# Tag 1000 1988



## scott laurie (Jul 27, 2009)

hi all,

my old Tag 1000, has stopped working, its not the battery, looking for suggestions on who might be able to replace the quartz movement or if anyone has one for sale,

Cheers

Scott

Glasgow UK


----------



## gregory (Feb 13, 2009)

Hi there.

I had one of these, and the date had stopped changing.

I had a new quartz movement put in a couple of years ago, and it wasn't that expensive.

You will basically end up with a new watch in your old one. It's will be a none-Tag movement anyway.

I am sure many on here will point you in the right direction.


----------



## scott laurie (Jul 27, 2009)

gregory said:


> Hi there.
> 
> I had one of these, and the date had stopped changing.
> 
> ...


thanks, always better to go with someone that comes recommended


----------



## Who. Me? (Jan 12, 2007)

Hi

Does your Tag 1000 look anything like this...?










That is my Heuer 1000 quartz from the last days of Heuer, before they became Tag Heuer (mid to late 1980s). I don't think that the design changed much after the name change.

If your Tag looks like the above, you may have the same problem that I did and I had problems for years with mine.

I had it repaired a couple of times, but it kept failing. In the end I found this forum and Roy's site.

Roy identified that the movement fitted by Heuer (and repaired or replaced by Tag's service agent) was a relatively poor quality, no-jewel ETA movement, and as such was always likely to be unreliable.

He fitted a new, equivalent, ETA movement that is a seven jewel movement as fitted in the current equivalent range of Tag watches

I've had no problems since.

The spindle (?) diameters are different to the original movement however, so Roy had to fit a different, slightly bulkier set of hands that were the closest match.

It now looks like this...










I'd recommend having the movement replaced if you want to keep the watch and wear it.

If you want to keep it original, you could ask Roy if he can repair the existing movement, but if you do, I would take the battery out and 'lay it up', rather than leave it running.

The repairs to the original movement never lasted more than a couple of years before failing.

I got Roy to repair the movement that he removed from mine, so I have it for the sake of originality, but I wouldn't trust it in the watch.

Hope that's of use.

Andy


----------



## scott laurie (Jul 27, 2009)

Who.
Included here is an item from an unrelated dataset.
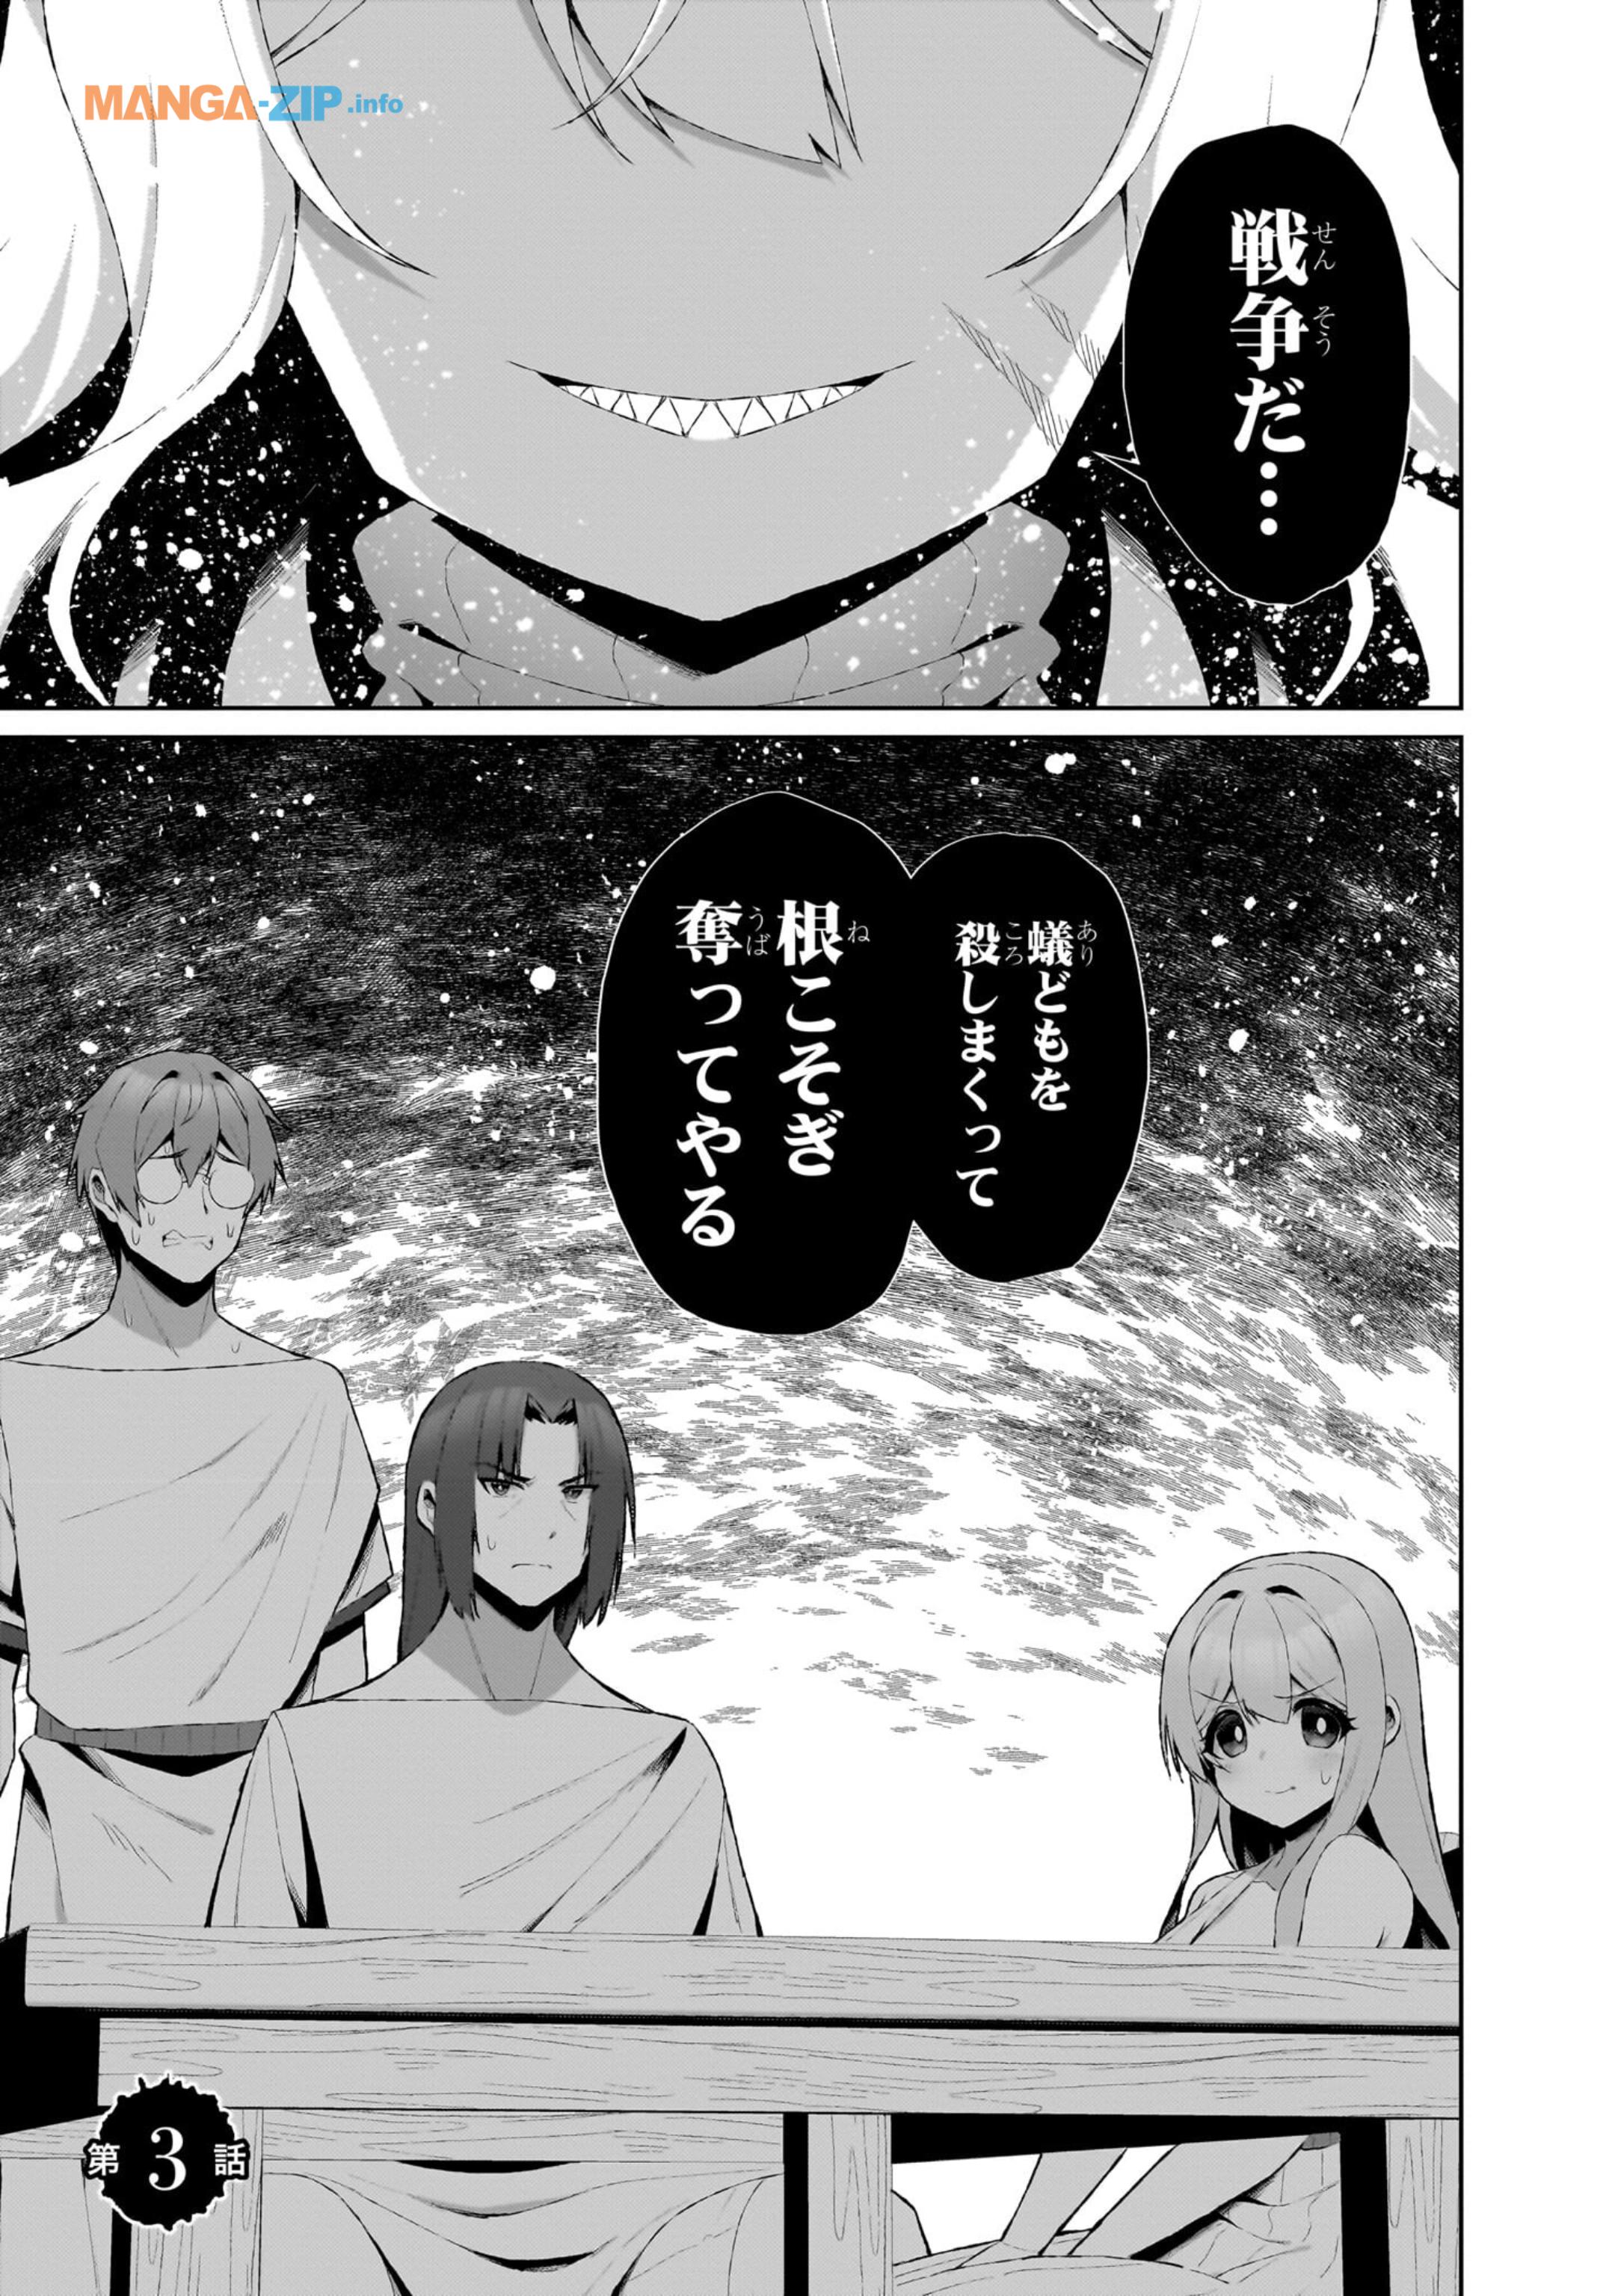 Nogaku Hakase no Isekai Muso Kinki no Chishiki de Kizuku Monster Musume Harem - Chapter 3 - Page 1

Me? said:


> Hi
> 
> Does your Tag 1000 look anything like this...?
> 
> ...


Andy, thats Excellent,

Same watch , I dont wear it , but it was a 21st birthday present and I would like it working, it was repaired by Tag 3 times and has gone again, but I would like it working, dont care about the movement fitted, so next question, and excuse my ignorance as kinda new to the forum, who is roy ? web address or something please

thanks again

Scott.


----------



## Who. Me? (Jan 12, 2007)

scott laurie said:


> Andy, thats Excellent,
> 
> Same watch , I dont wear it , but it was a 21st birthday present and I would like it working, it was repaired by Tag 3 times and has gone again, but I would like it working, dont care about the movement fitted, so next question, and excuse my ignorance as kinda new to the forum, who is roy ? web address or something please
> 
> ...


Hi Scott

Roy is Roy Taylor, the owner of this forum. Follow the link at the top of the page to RLT Watches or click here < RLT Watches >

From comments that other forum members have posted; I think he's quite busy catching up on repairs, but drop him an email and explain the problem... RLT Watches Email. He'll know what needs doing.

Oh, and his prices are much more reasonable than Tag's.

Cheers

Andy


----------



## bry1975 (Feb 6, 2004)

nice generic hands


----------



## scott laurie (Jul 27, 2009)

Who. Me? said:


> scott laurie said:
> 
> 
> > Andy, thats Excellent,
> ...


thanks Andy,

PM sent !

Regards

Scott.


----------